ATM protein was measured in LCLs from six patients: three were homozygous (AT214LA, AT248LA, AT233LA) (Fig. 2A; lanes 2, 3 and 4) and three were heterozygous (AT215LA, AT216LA, AT247LA) (Fig. 2A; lanes 5, 6 and 7). All nuclear extracts showed trace amounts of ATM, except for AT242LA (Fig. 2A; lane 8), which had two unrelated (i.e., not 6200C>A) nonsense mutations and showed no ATM protein. The wt (wild type) cell line (Fig. 2A; lane 1) was used as the normal control for ATM protein level. From previous experience (Chun et al. 2003), ATM levels from nuclear lysates of A-T cell lines typically show less than 15% of wild-type cell levels, unless a missense mutation is present (~10% of conventional A-T patients), in which case the ATM level is sometimes higher (Stankovic et al. 1998); but with variable kinase activity; the colony survival level is typically in the radiosensitive range for A-T patients (Sun et al. 2002).

image

Figure 2. (A) Western blots showed small amounts of ATM protein in homozygous (lanes 2–4) and heterozygous (lanes 5–7) patients in contrast to the absence of protein in a typical A-T patient like AT242LA with two nonsense mutations (lane 8).

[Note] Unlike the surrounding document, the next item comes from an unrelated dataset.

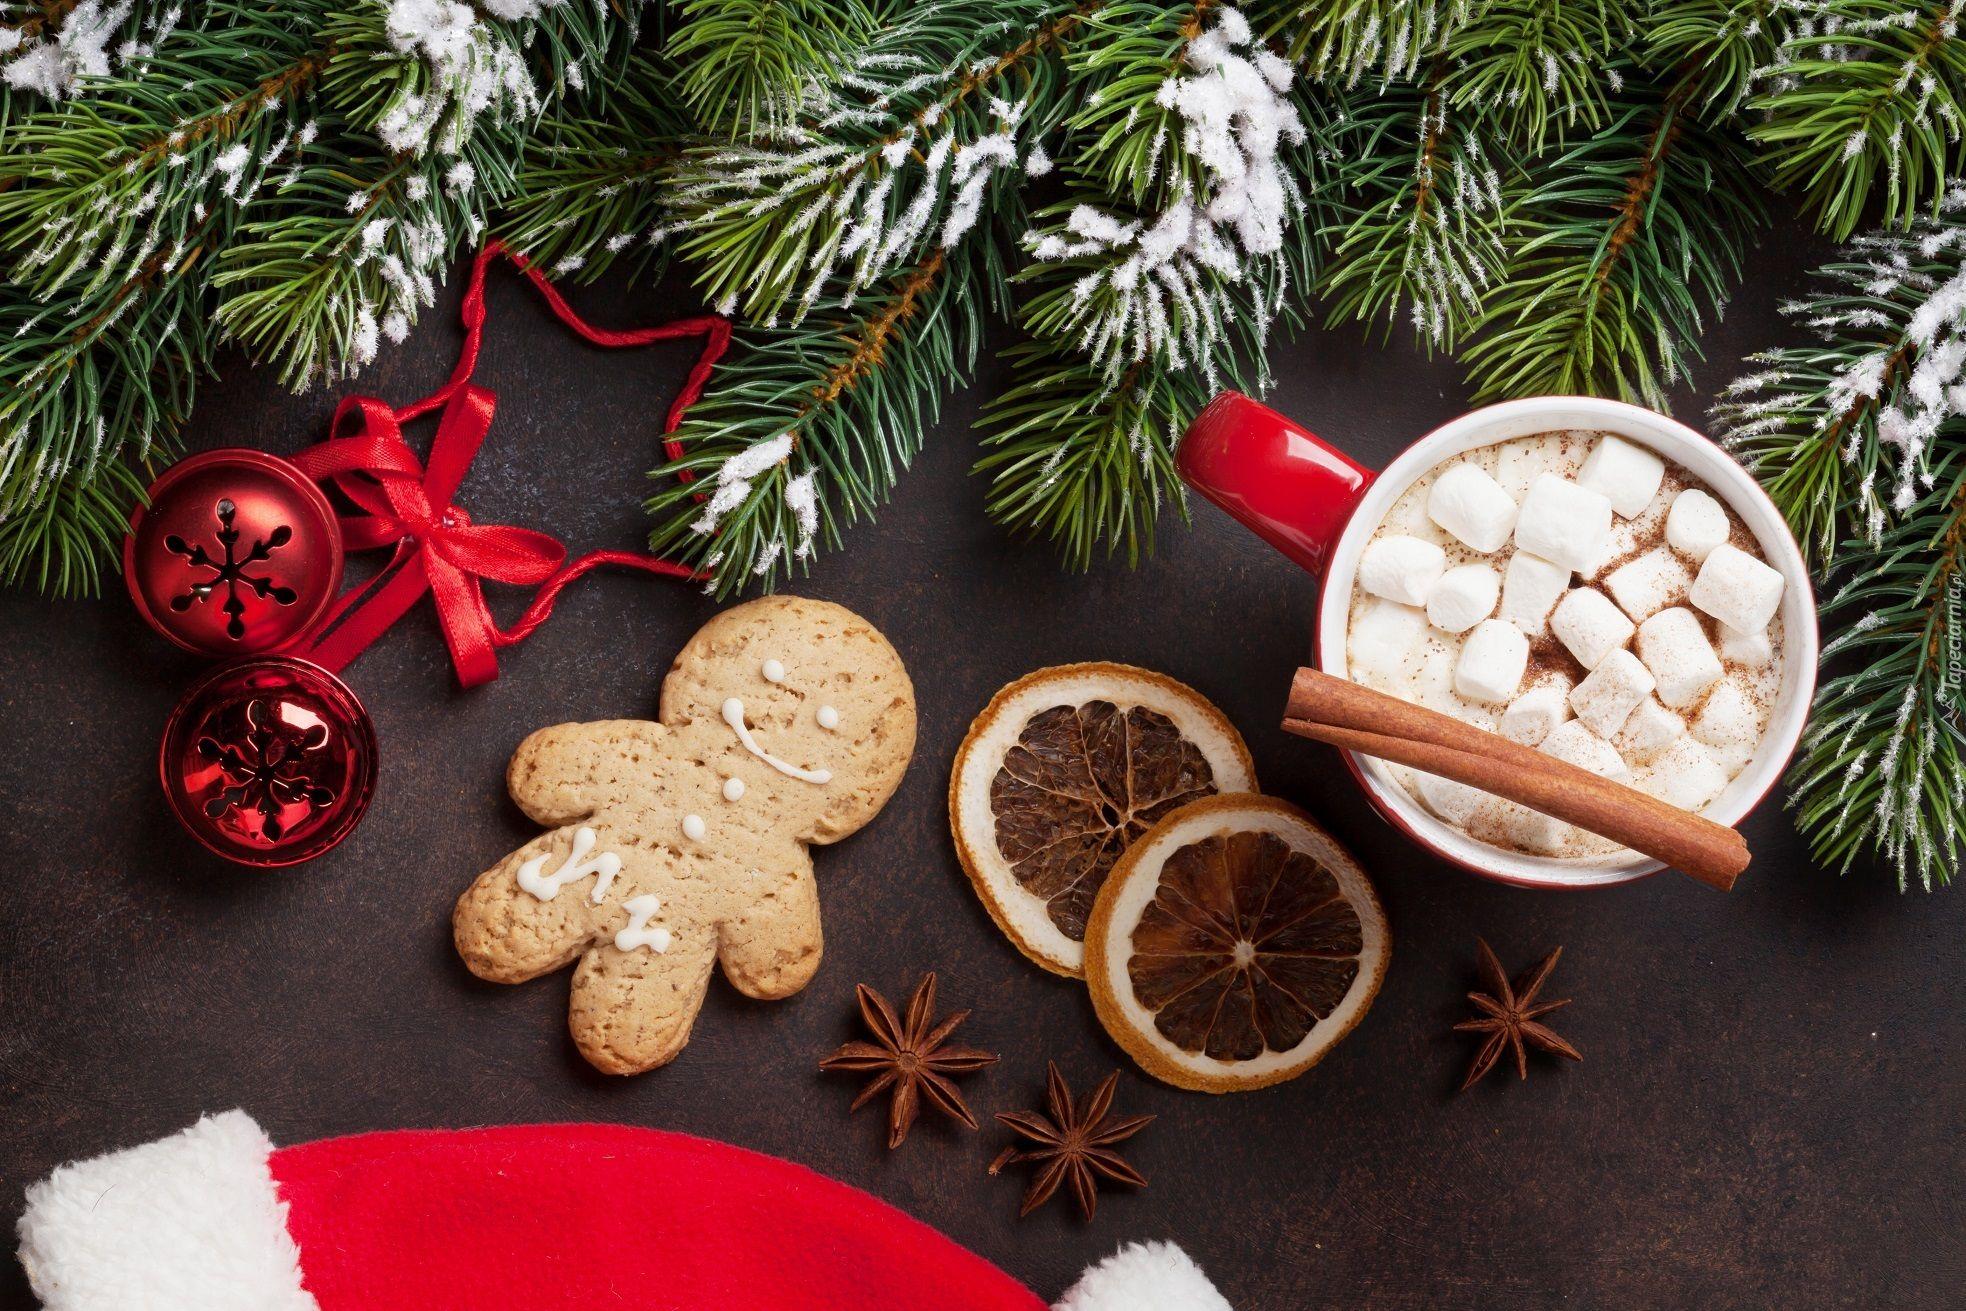 Kompozycja Swiateczna Boze Narodzenie Pierniczek Kubek Kakao Pianki Anyz Laska Cynamonu G Hot Chocolate Marshmallows Christmas Chocolate Hot Chocolate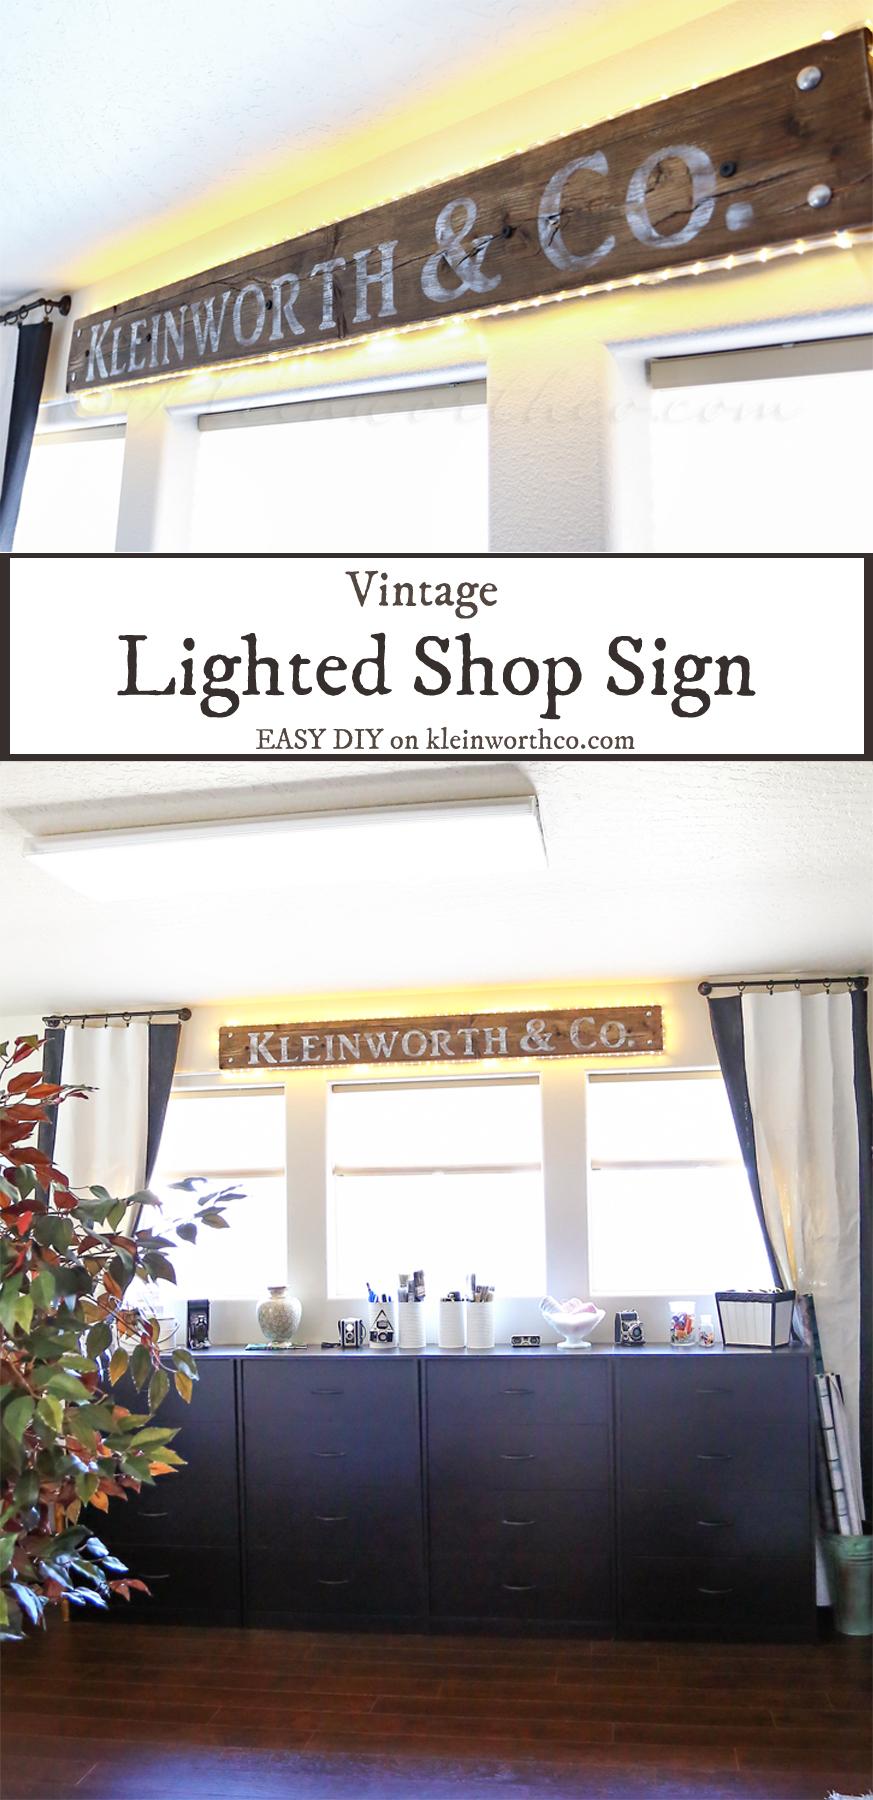 Vintage Lighted Shop Sign

Nuclear extracts were isolated from LCLs. P84 was used as a loading control. Cells from patients homozygous for the c.6200C>A mutation are underlined. Quantification of ATM protein was done with Quantity One (Biorad) (bottom row). (B) ATM kinase activity and phosphorylation of the downstream target proteins. Cell extracts were prepared 45 min after 10 Gy irradiation. ATMpSer1981 was used to detect autophosphorylation of ATM protein. Native SMC1, KAP1 and p84 were used as loading controls.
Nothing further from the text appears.